▸ **DATASET RECORDS**:

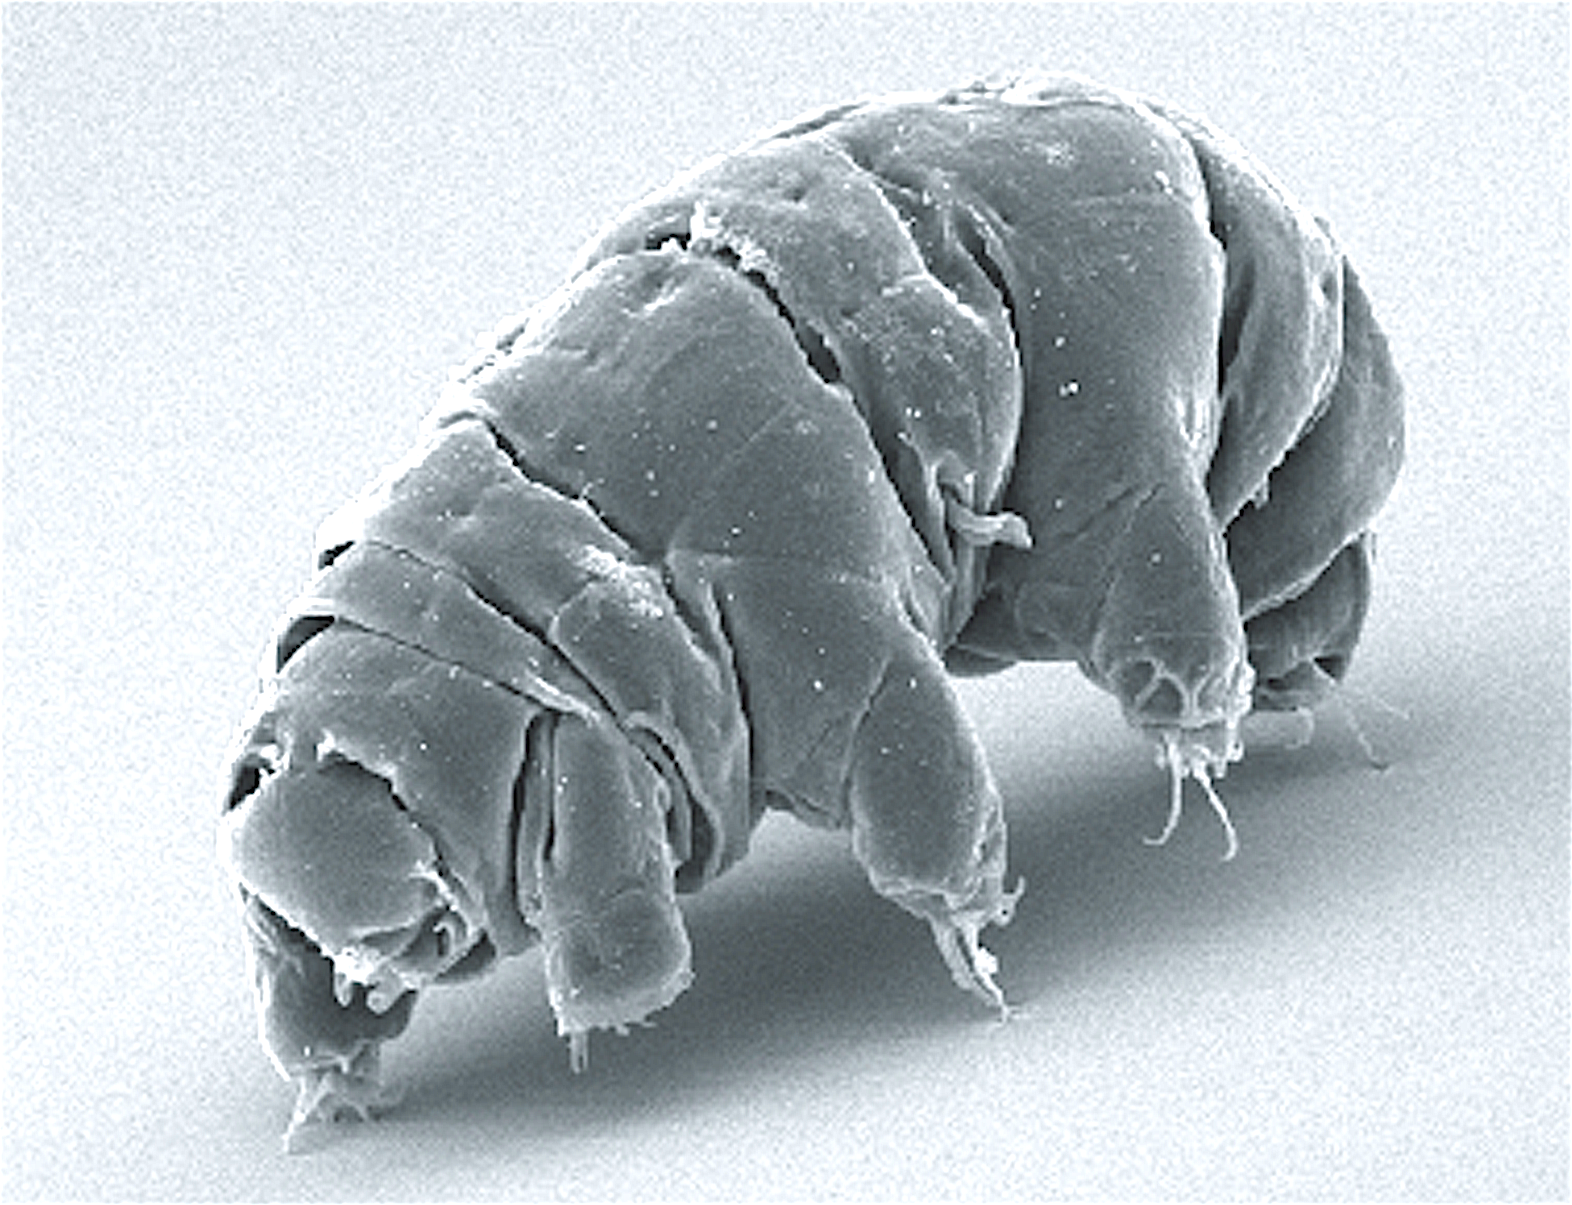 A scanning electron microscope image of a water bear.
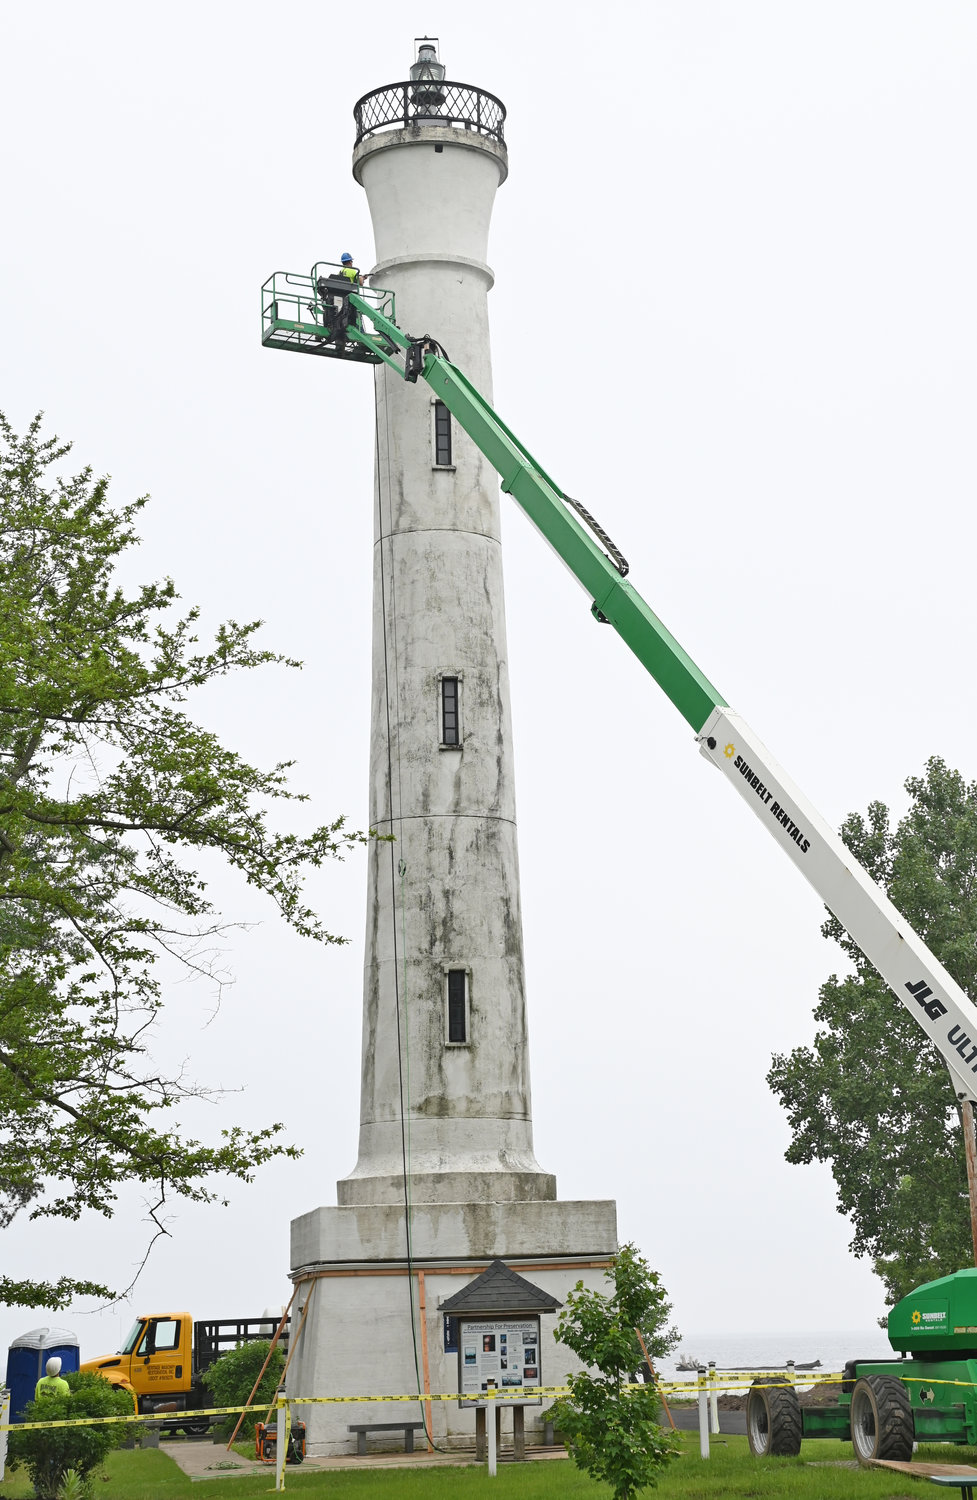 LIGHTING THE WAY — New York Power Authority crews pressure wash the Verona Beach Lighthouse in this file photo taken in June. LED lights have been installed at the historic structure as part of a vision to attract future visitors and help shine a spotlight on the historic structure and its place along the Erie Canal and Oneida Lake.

==

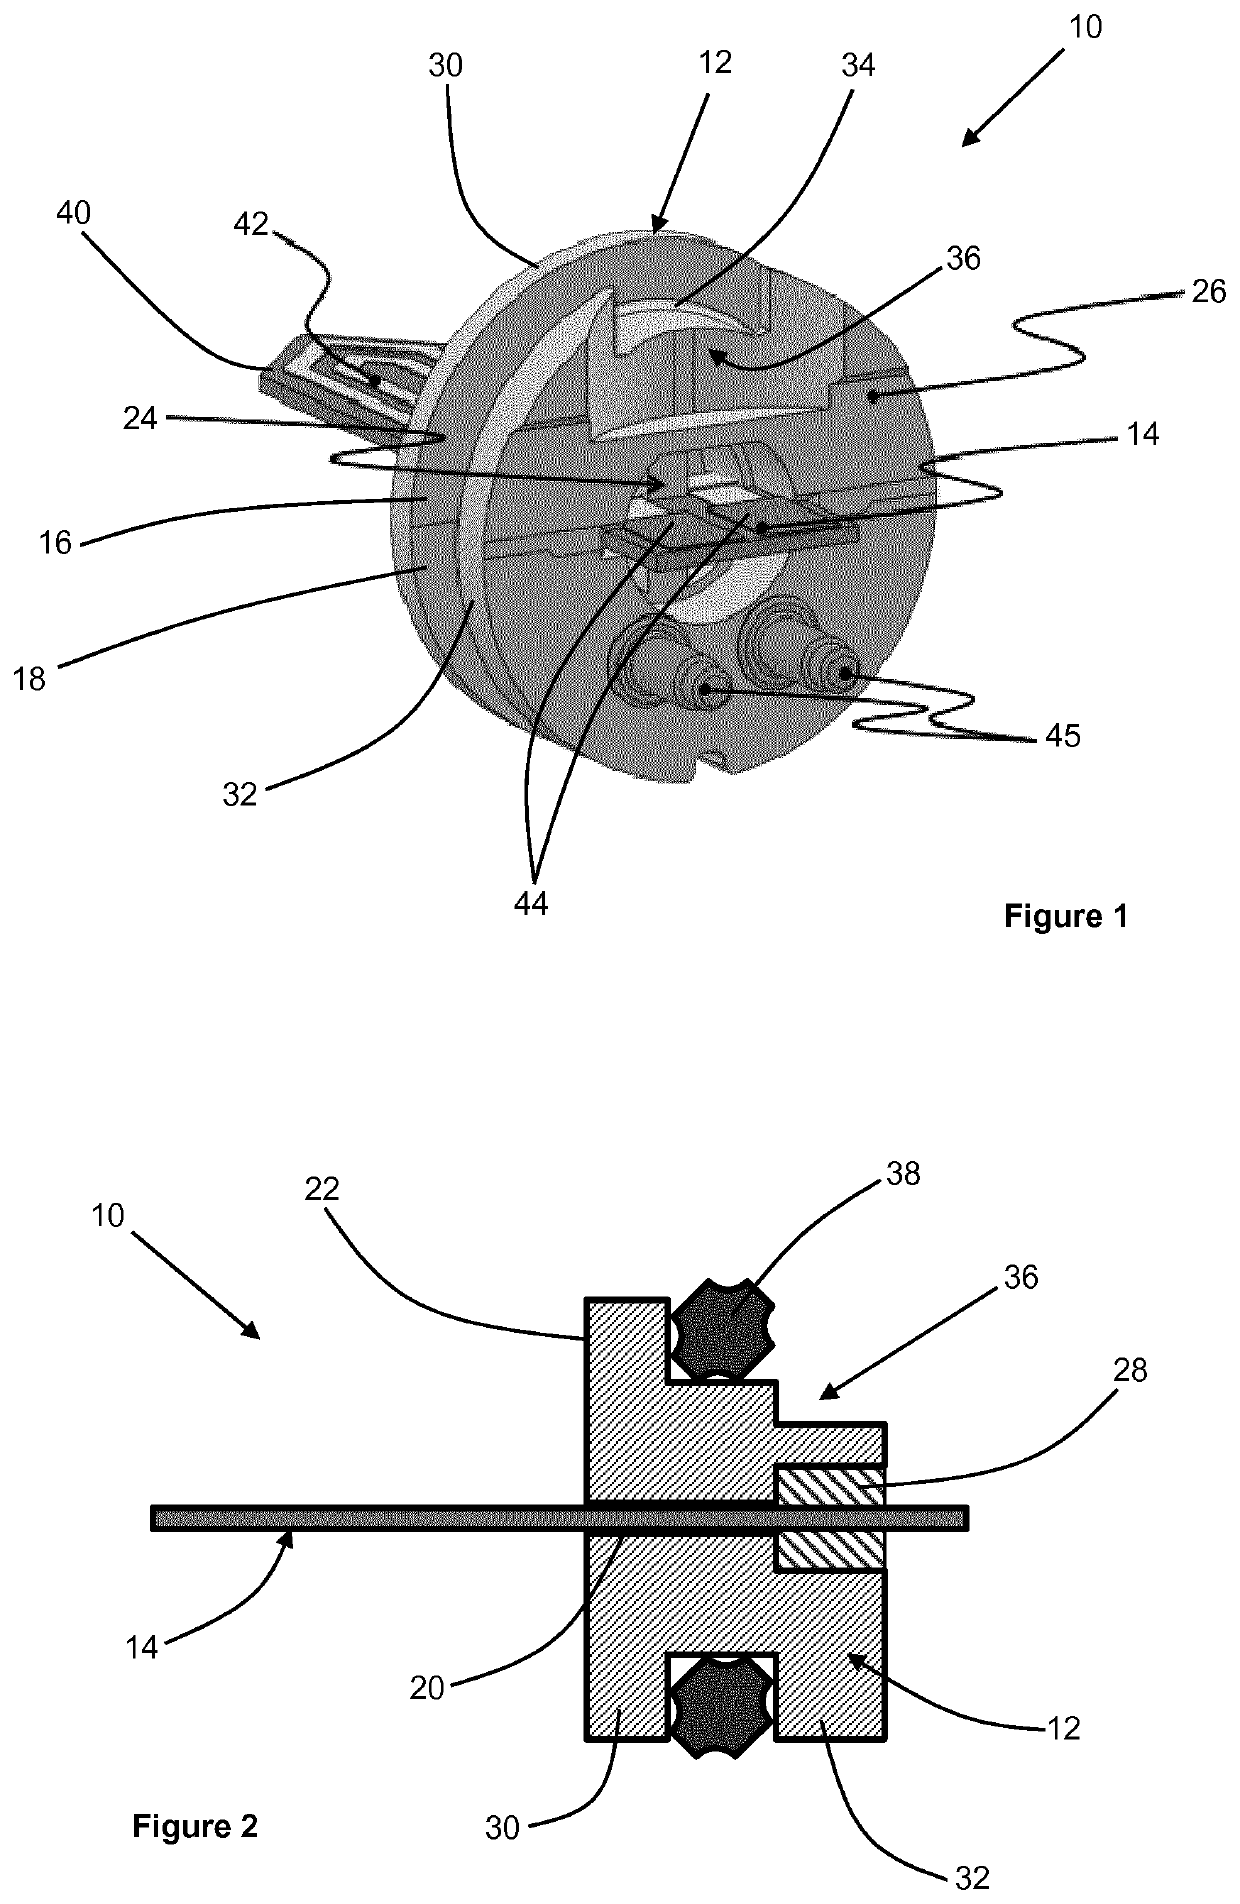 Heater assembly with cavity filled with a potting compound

==

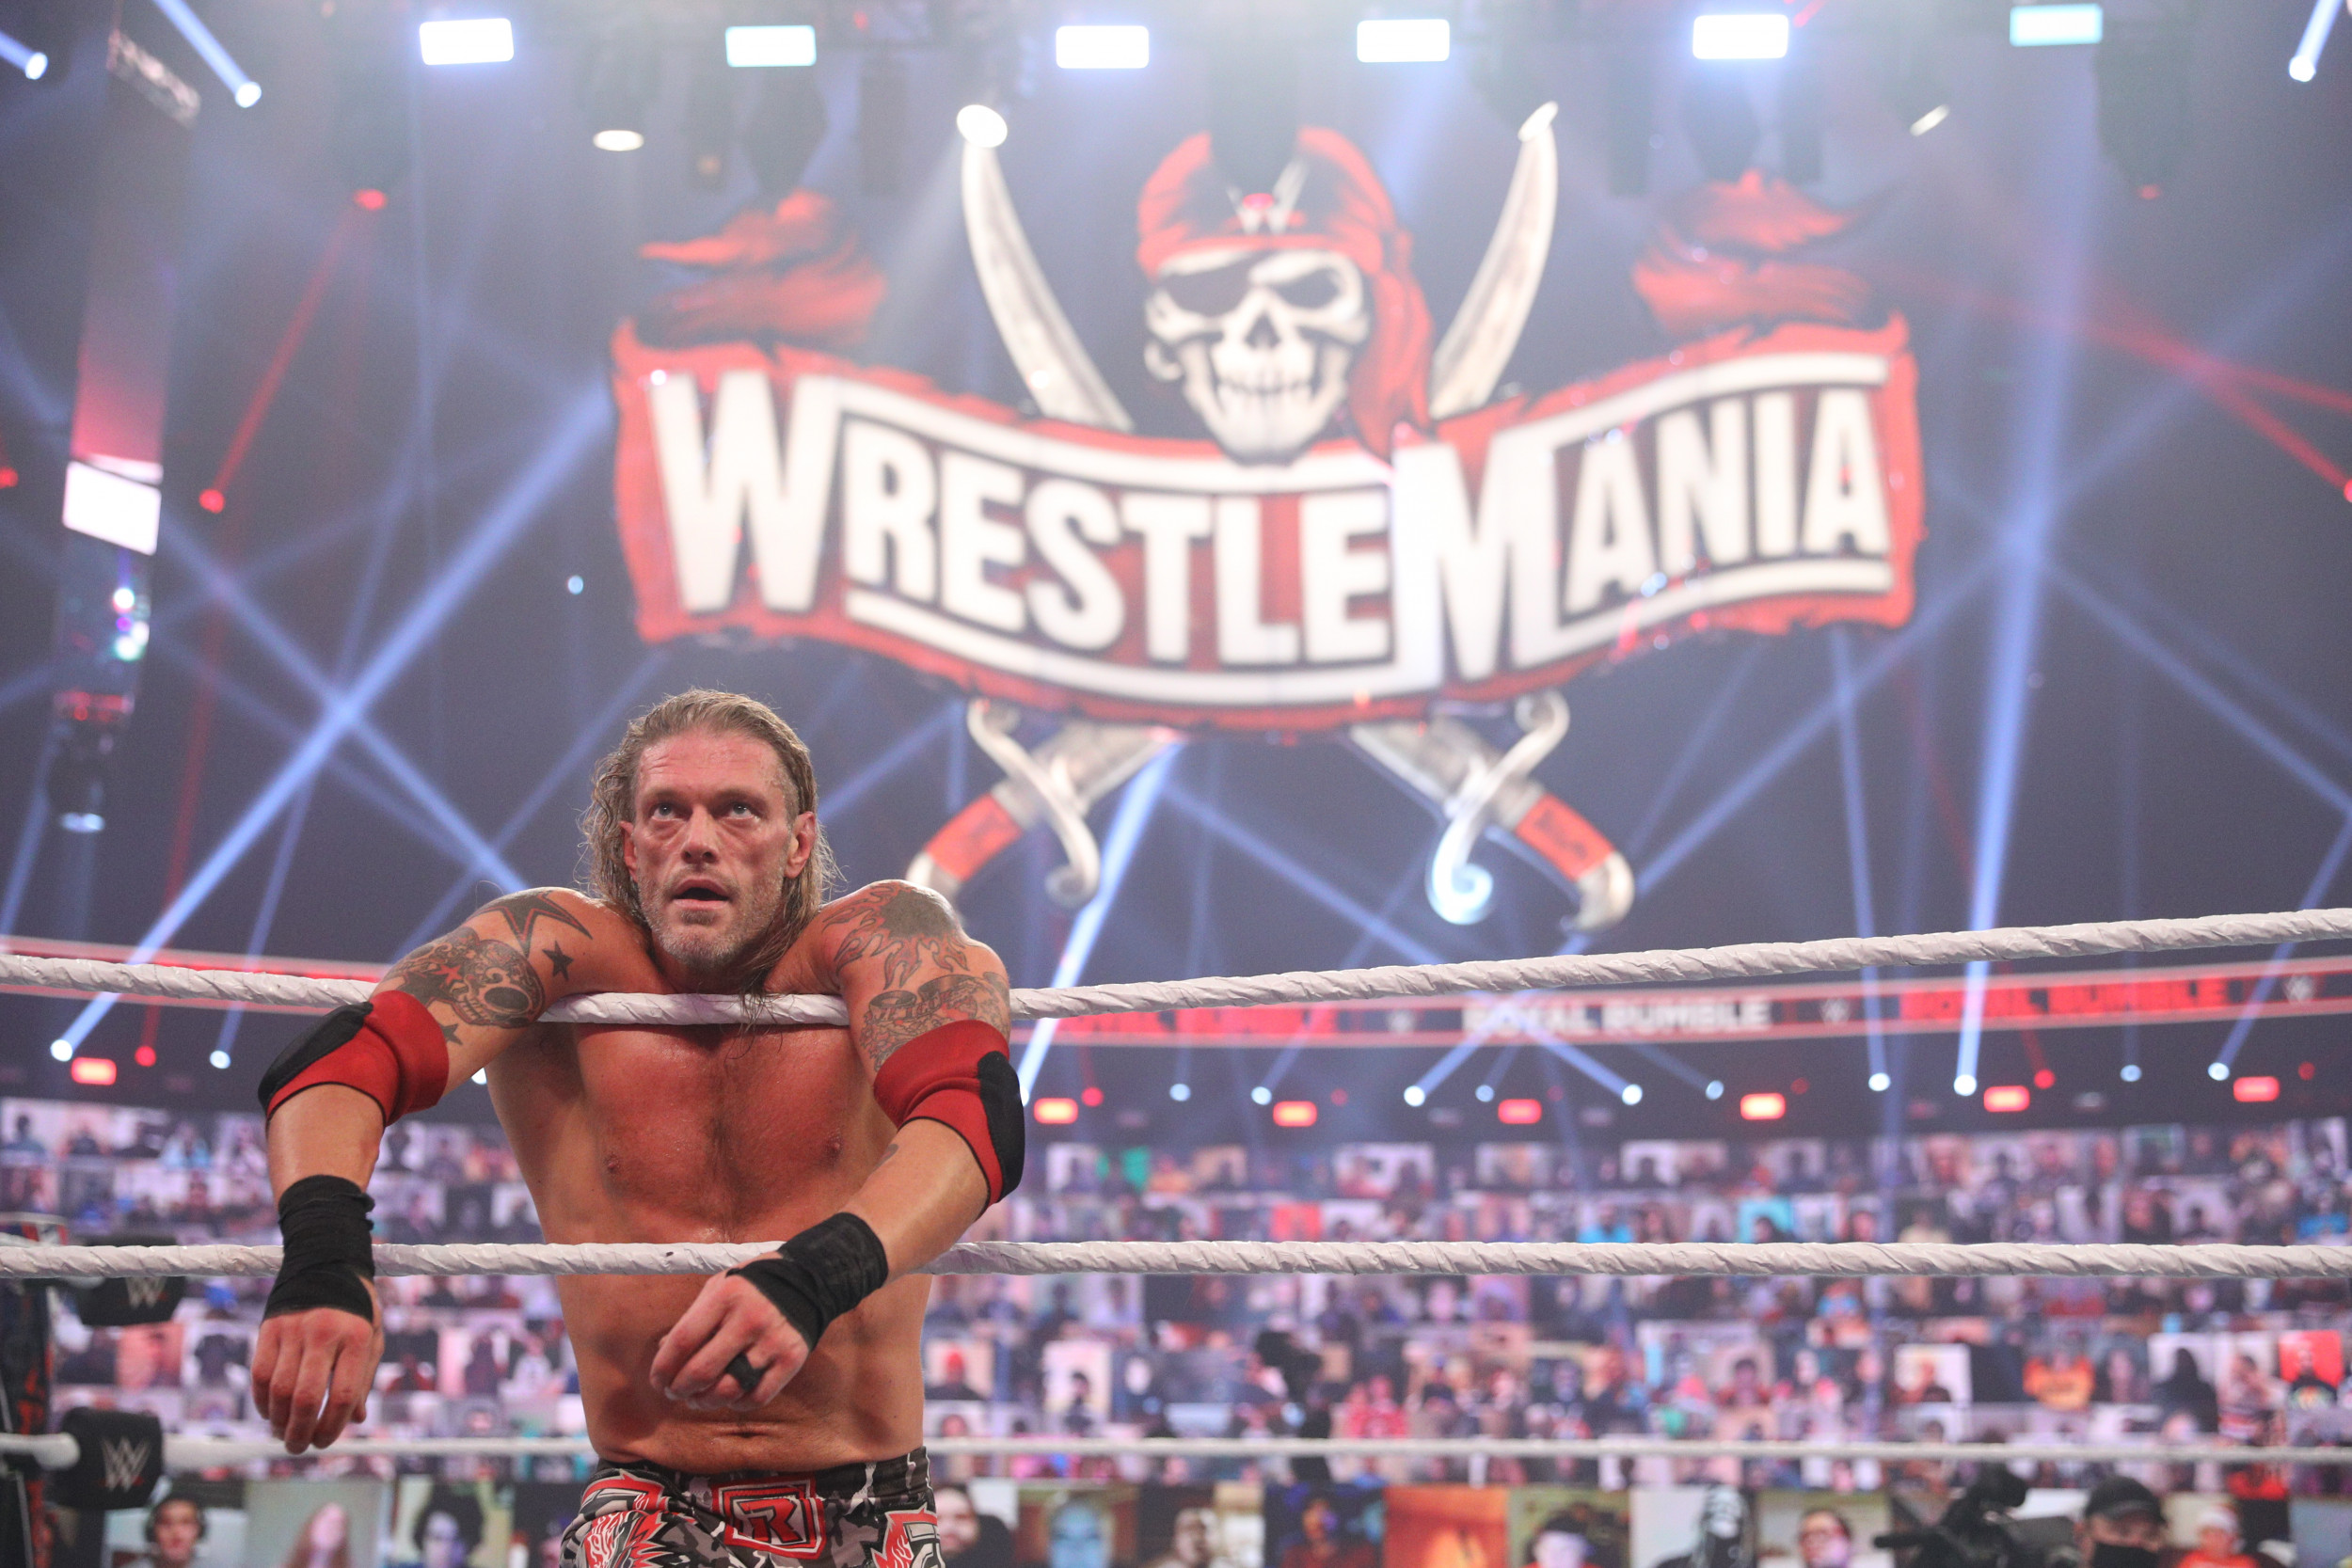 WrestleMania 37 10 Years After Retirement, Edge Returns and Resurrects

▸ **WHAT YOU WILL DO**: Working from the data above, repeat exactly, and only, the lines that begin at the line containing "A scanning electron" and stop after the line containing "LIGHTING THE WAY"; pictures are not copied.

▸ **RESPONSE TO THIS EXERCISE**:
 A scanning electron microscope image of a water bear.
 LIGHTING THE WAY — New York Power Authority crews pressure wash the Verona Beach Lighthouse in this file photo taken in June. LED lights have been installed at the historic structure as part of a vision to attract future visitors and help shine a spotlight on the historic structure and its place along the Erie Canal and Oneida Lake.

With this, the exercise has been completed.